A handful of Kansas City-area businesses have filed suit against their insurance companies, alleging their insurers wrongly denied their claims for business interruption stemming from the COVID-19 pandemic.
On April 24, Promotional Headwear International, represented by Kansas City firm Stueve Siegel Hanson and a group of other plaintiffs’ firms, became the first company to file business interruption claims in the U.S. District Court for the District of Kansas.
The following week, on April 27, the law firms joined a group of other plaintiffs’ firms in filing another suit — this time in the U.S. District Court for the Western District of Missouri — brought by Westport Flea Market Bar & Grill against its insurer, Lexington Insurance Co.
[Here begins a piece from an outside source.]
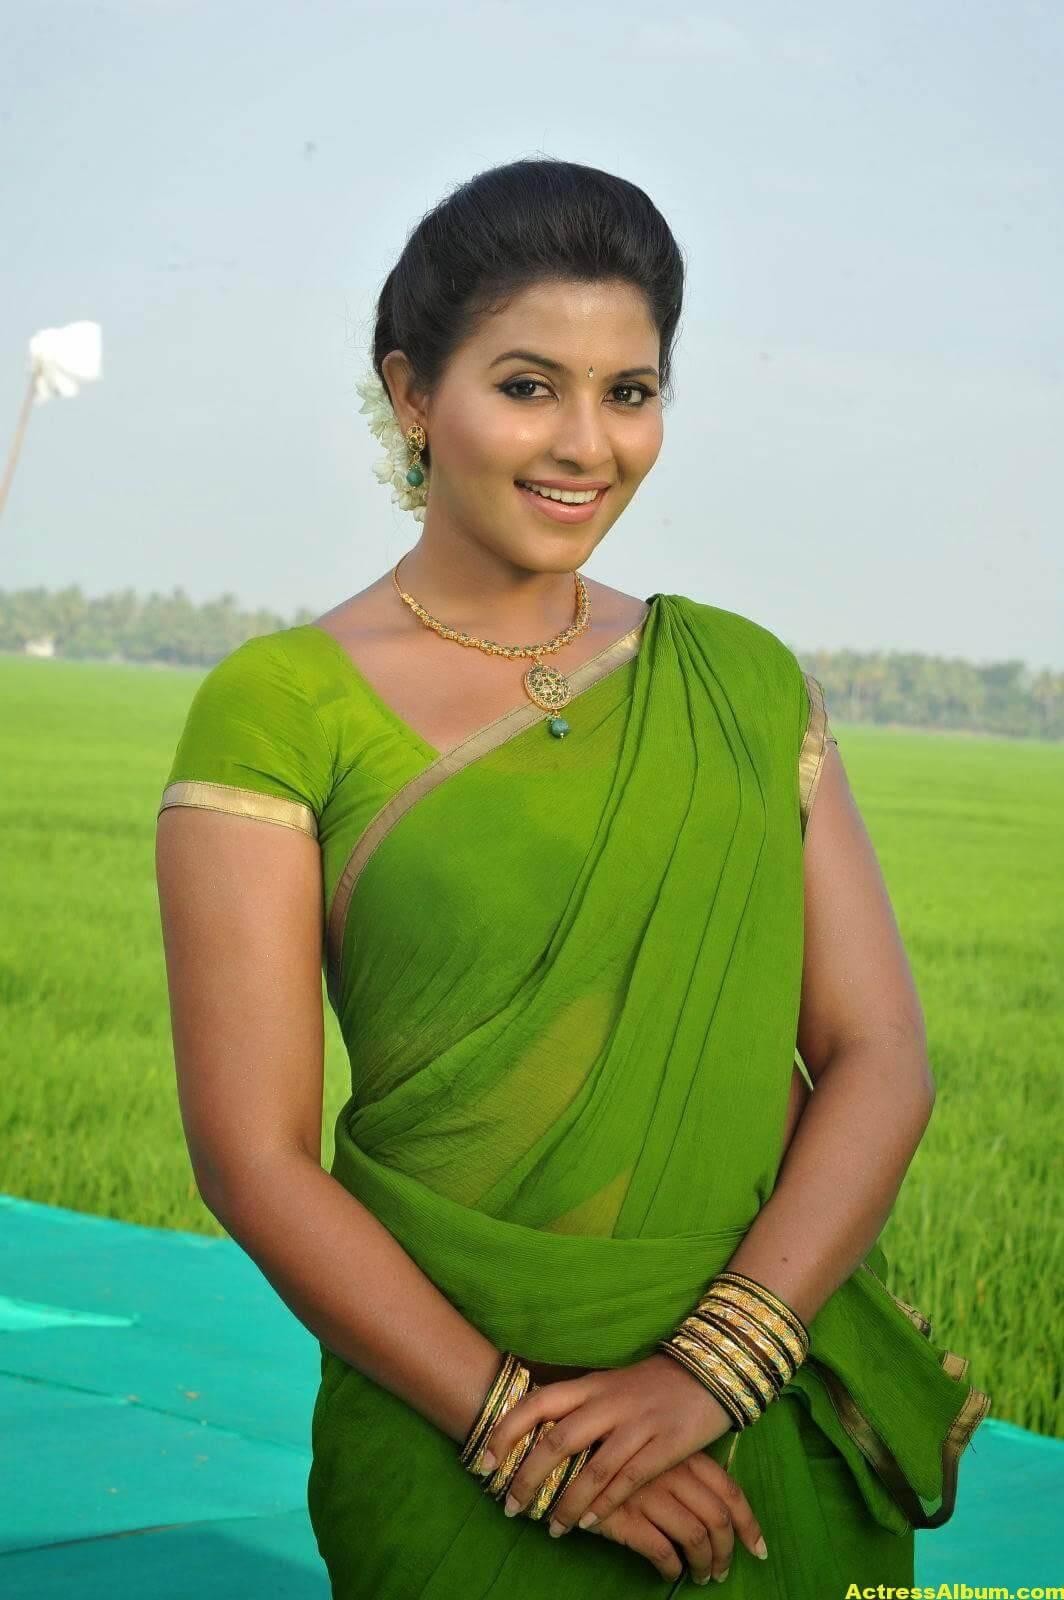 Meena Cute Wallpapers Anjali Cute Photos Stills In Spicy Green Saree Actress Album

The suits are among the first of what lawyers locally and nationally anticipate will be a wave of litigation as businesses try to recover their losses from the pandemic.
Promotional Headwear, which makes promotional materials and is based in Johnson County, Kansas, filed a putative class action against its insurer, The Cincinnati Insurance Co. In its suit, Promotional Headwear said it has been forced to reduce its operations because of the pandemic, leading to a 95 percent loss in sales.
The company holds an all-risk commercial property insurance policy. When it filed a claim for business interruption, it alleged the insurer denied its claim on the basis that it suffered no physical property damage.
A spokeswoman for Cincinnati Insurance Co. declined to comment on the suit. But Patrick Stueve, an attorney for Progressive Headwear, pushed back against the insurer’s denial of his client’s claim.
“The bottom line is that we think that there is coverage. There’s no exclusion for pandemic or for a virus, and so we think that their loss falls squarely within the policy and should be paid,” he said.
Stueve also said his firm has reviewed hundreds of policies for clients, across insurance companies, and discovered similar denials. Stueve Siegel Hanson has teamed up with other Missouri plaintiffs’ firms to handle more business interruption litigation in other jurisdictions.
Those firms include Langdon & Emison, Miller Schirger and Shaffer Lombardo Shurin. Attorneys with those firms all had connections to each other from previous cases, and they saw the need to band together, Stueve said.
“These cases will require experts on the coverage side and damages side, they will be expensive to litigate, and by combining resources, we think we can prosecute them in a way that will be most beneficial to our clients,” he said.
Based on his review of policies, it appears insurers are taking a uniform stance in denying claims for business interruption, Stueve said. He encouraged companies to seek counsel in reviewing their policies.
Attorneys who represent insurers, however, said the companies’ denials of claims are more nuanced than insurers issuing blanket denials.
Bruce Baty, an attorney with Bryan Cave Leighton Paisner in Kansas City, is among them, although he does not represent any of the parties in the cases recently filed in Kansas and Missouri.
Cincinnati Insurance Co. recently announced in a call with analysts that its business interruption policies did not contain the virus exclusion and that it was relying on the damage-to-property condition to trigger coverage, Baty said
“That’s unusual,” he said. “Most property and casualty insurers adopted the 2006 [Insurance Services Office Inc.] exclusion that was very specifically written to address pandemics as a result of viruses.”
Virus exclusions are not new to the market or insurance industry, he said, adding this is something it anticipated more than a decade ago in response to the SARS epidemic.
“To me, it’s not a question of, or an issue of, the insurance companies issuing blanket denials,” he said. “This is a very specific problem that the industry thought it addressed many years ago.”
Legislation introduced in eight states and in Congress to force insurers to pay business interruption claims could have a devastating effect on the industry, as well as make it harder for insurers to pay claims related to disasters such as wind, fires and tornadoes, he said.
“We didn’t sell it, we didn’t collect a premium for it and we didn’t reserve for it,” he said of business interruptions caused by the pandemic. “Now, to flip the table and decide that we’re going to create coverage where coverage never existed — that is a huge problem for the industry.”
The case in the District of Kansas is Promotional Headwear International v. The Cincinnati Insurance Co., 2:20-cv-02211; the case in the Western District of Missouri is Zwillo V Corp. d/b/a Westport Flea Market Bar & Grill v. Lexington Insurance Co., 4:20-cv-00339.